I have been working for some time on a Raspberry Pi based, open source indoor air quality monitor (CO2, temperature, humidity, air pressure) called LiV Pi.
LiV Pi is a connected device that offers an intranet website, device control over XMPP/Jabber, email and twitter alerts, support for major IoT platforms, IFTTT integration and much more... LiV Pi is powerful and flexible, however setting up LiV is a long and difficult process for those with limited knowledge of Linux.
Based on my experience with LiV Pi, I wanted to build a simple, reliable and easy to set up device that can be used for home monitoring and home automation. Livduino should also be easy to modify and adapt.
I will document here each stage of this project. At the end of the project, I will update the components' list and I will upload the schematics and code to Github.
Next photo shows LiVduino breadboard at the begging of July.
I started work on a device that can measure temperature, humidity and luminosity. LiVduino will be a connected device, able to send measurements data to various IoT platforms and control (switch on/off) other devices. This seems like a good starting point that would allow a good number of automation applications:
- switch on/off fan (or AC unit or heater) when temperature level reaches threshold
- switch on/off humidifier/de-humidifier when humidity level reaches threshold
- switch on/off lamp when light measurement reaches threshold
From the very beginning, I made a few design decisions:
- I decided to stay away from analog sensors and sensor calibration in general and use digital, pre-calibrated sensors instead.
- I also decided in favour of using I2C devices whenever possible.
- In terms of Arduino platforms, I chose to go with the popular Atmega 328 (there are so many Unos and Nanos out there).
I started with an Arduino Uno connected over I2C to a real-time clock module (DS3231) and an LCD1602, which I had handy (see next photo).
Once I had this setup working (thank you Adafruit for your nice libraries!), I ordered a couple of temp/humidity modules (SHT-31 and HTU21D), a luminosity module (TSL 2561) and one 128x64 OLED screen (SSD1306). I selected all those based on online reviews, availability of libraries (thanks again to Adafruit, Sparkfun and the great Arduino community!) and because all of them have I2C interfaces. I decided to ditch LCD1602 in favour of SSD1306 which has smaller form factor and draws less current.
I connected an Arduino Nano to my sensors. Next photo shows measurements being displayed on the screen. I also added a buzzer, so I can get an audio alarm whenever thresholds are exceeded. There are three measurements displayed on the screen (T, H, L), so I need a visual indication when I hear the buzzer and I want to know which measurement(s) triggered the alarm ( you can see the ">" symbol in front of "L").

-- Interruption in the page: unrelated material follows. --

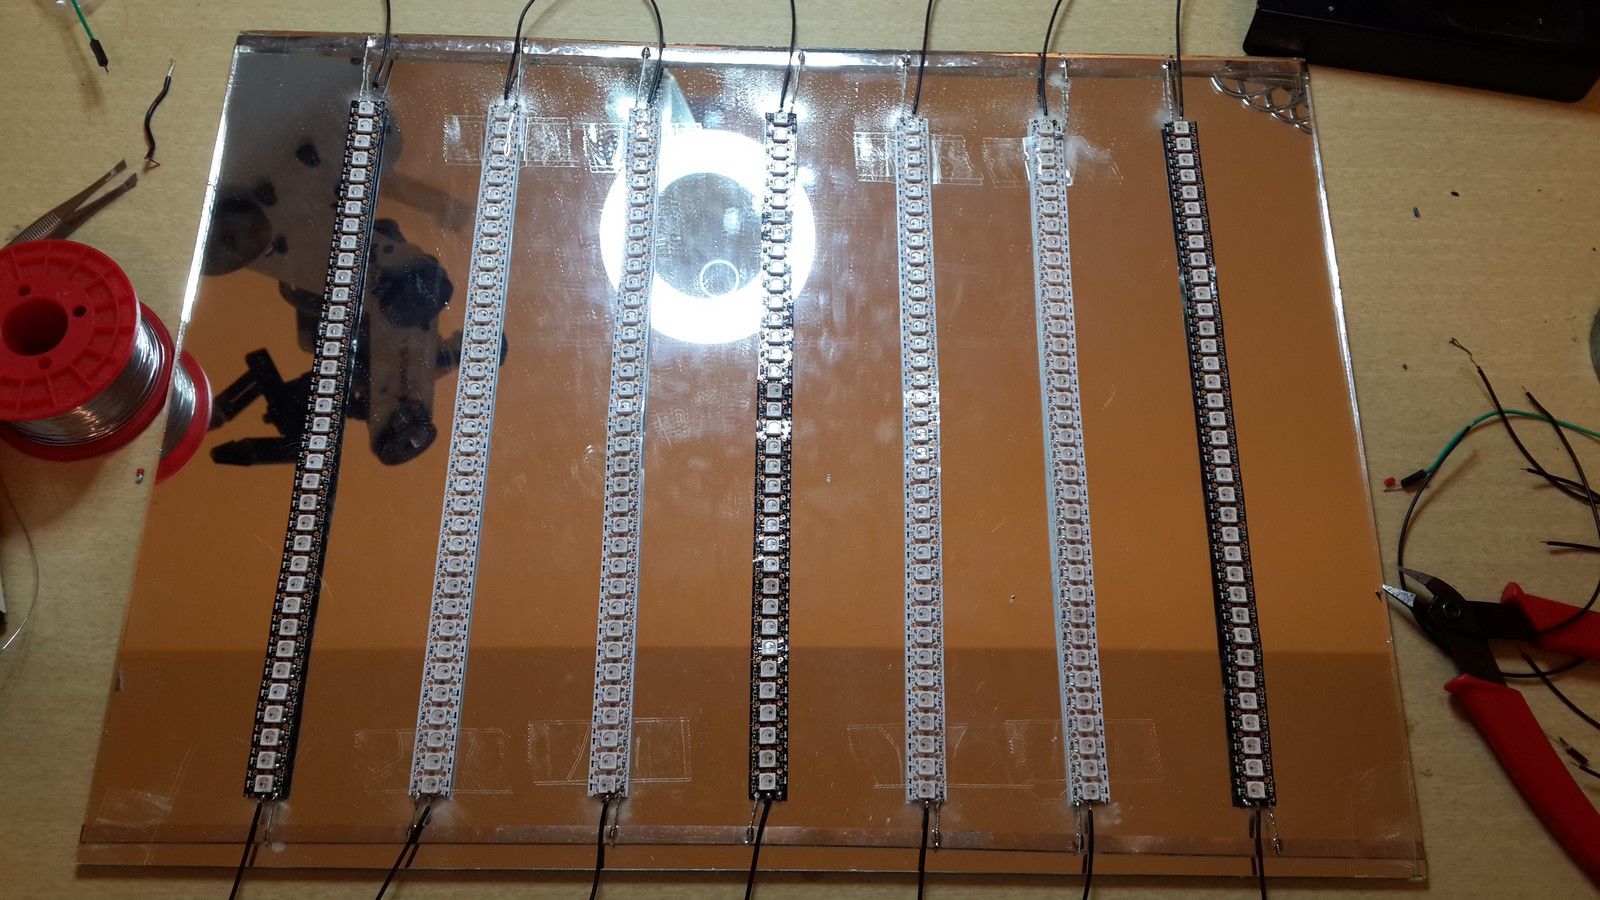 WS2812 7 led strips on mirror
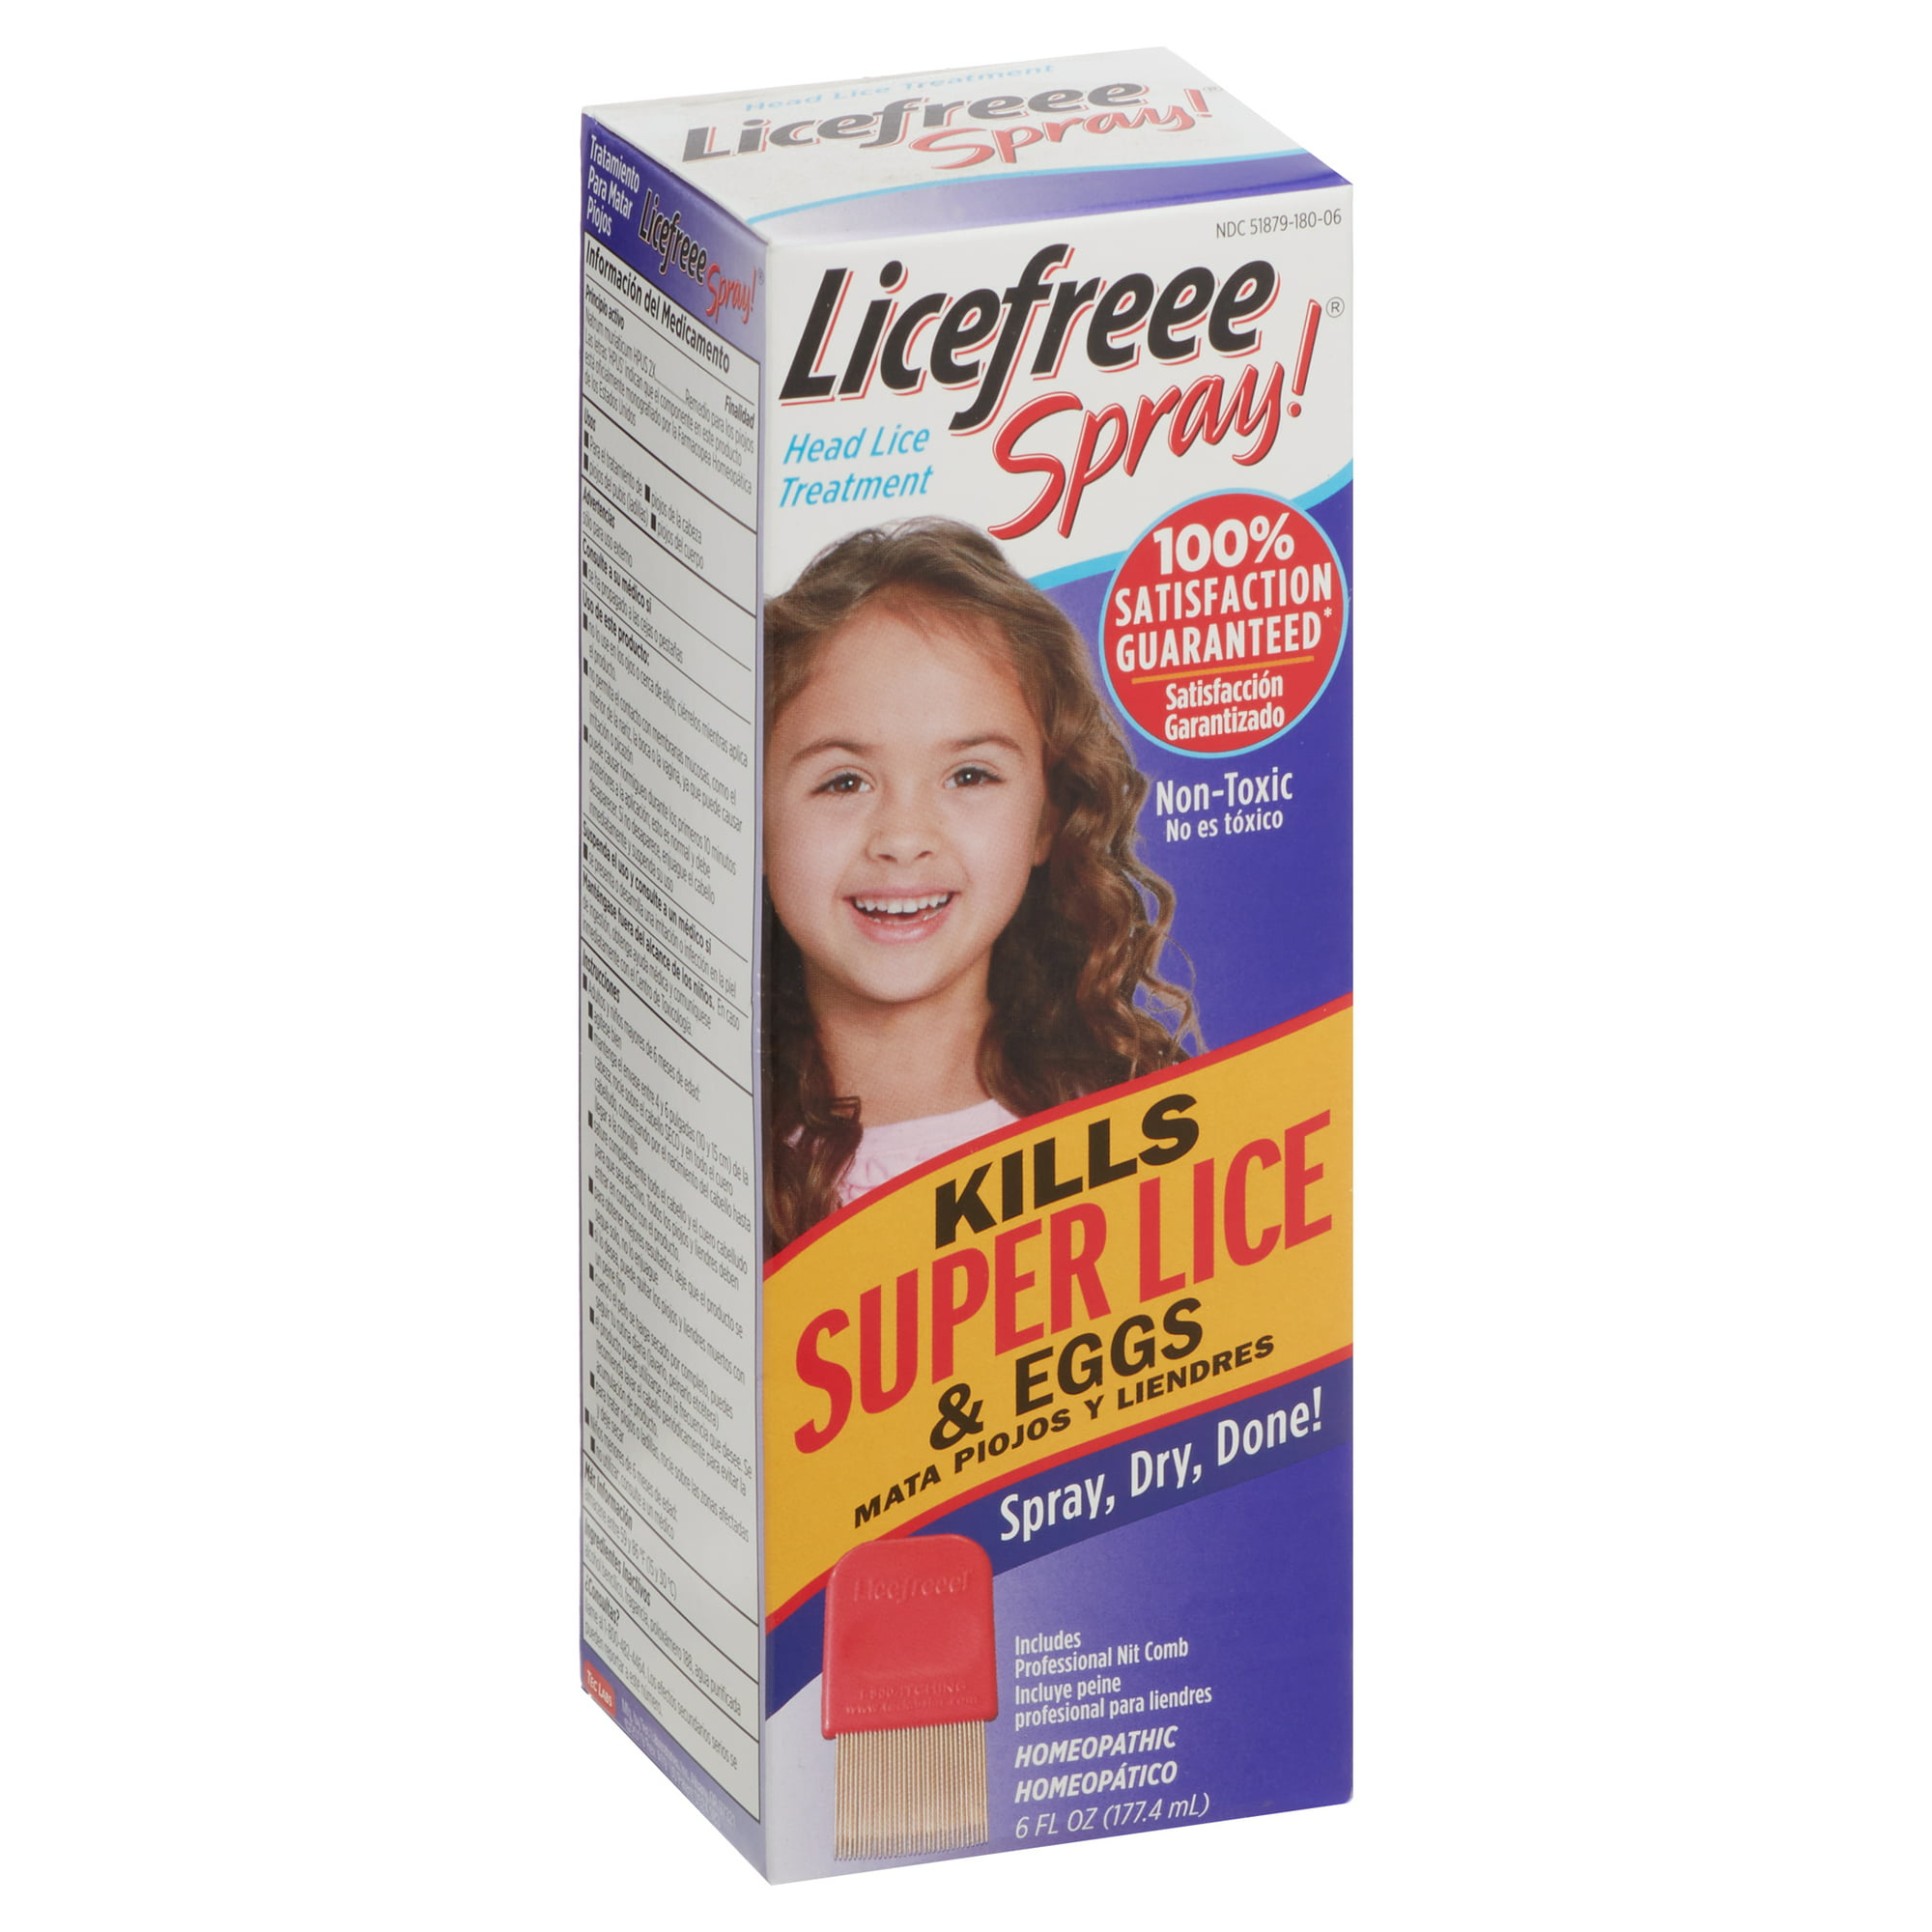 Licefreee Spray! Instant Head Lice Treatment, 6.0 fl oz

I then added a button so that I can stop the buzzer from sounding. The visual alarm still shows on the screen, however the buzzer can not be heard any longer when the button is pushed. I also added a new page that displays the date/time and the state of the Buzzer (if button is pushed, the state is OFF, so the buzzer stays silent when an alarm is raised).
I plan to control a Sonoff switch with LiVduino in the future, so I will add another push-button that will show if automation via Sonoff is on or off.
First picture shows the breadboard with all the parts.
I bought a Sonoff device (second photo). I installed Easy ESP on it and I was able to switch it on and off using HTPP commands sent from my web browser: so far, it seems to be working pretty nicely.
I already had a NodeMCU which I am planning to use so I can send commands to Sonoff. Third photo shows my NodeMCU connected to an Arduino Uno over serial comm. The idea is to send commands from Nano to NodeCMU and then have NodeMCU control Sonoff over WiFi.
The small module in between NodeMCU and Arduino Uno is a voltage level adapter (3.3V to 5V).
I installed ESP Easy on Sonoff and configure it with a fixed IP address. I then wrote an Arduino sketch that switches Sonoff on and off every 5 seconds. You can find the code and a file describing the rules on Sonoff on GitHub (see code section below).
Last part to take care of in this project was the serial communication between Nano and NodeMCU. Processors on both sides are little endian, so even if the default data alignment at compile time is different, I was able to define a structure that can be accessed on both sides. (no data padding - you can check how __attribute__ ((packed)) works). I will upload the code to GitHub once I put all code pieces together).
I might start working on a PCB and turn this into a little Arduino device.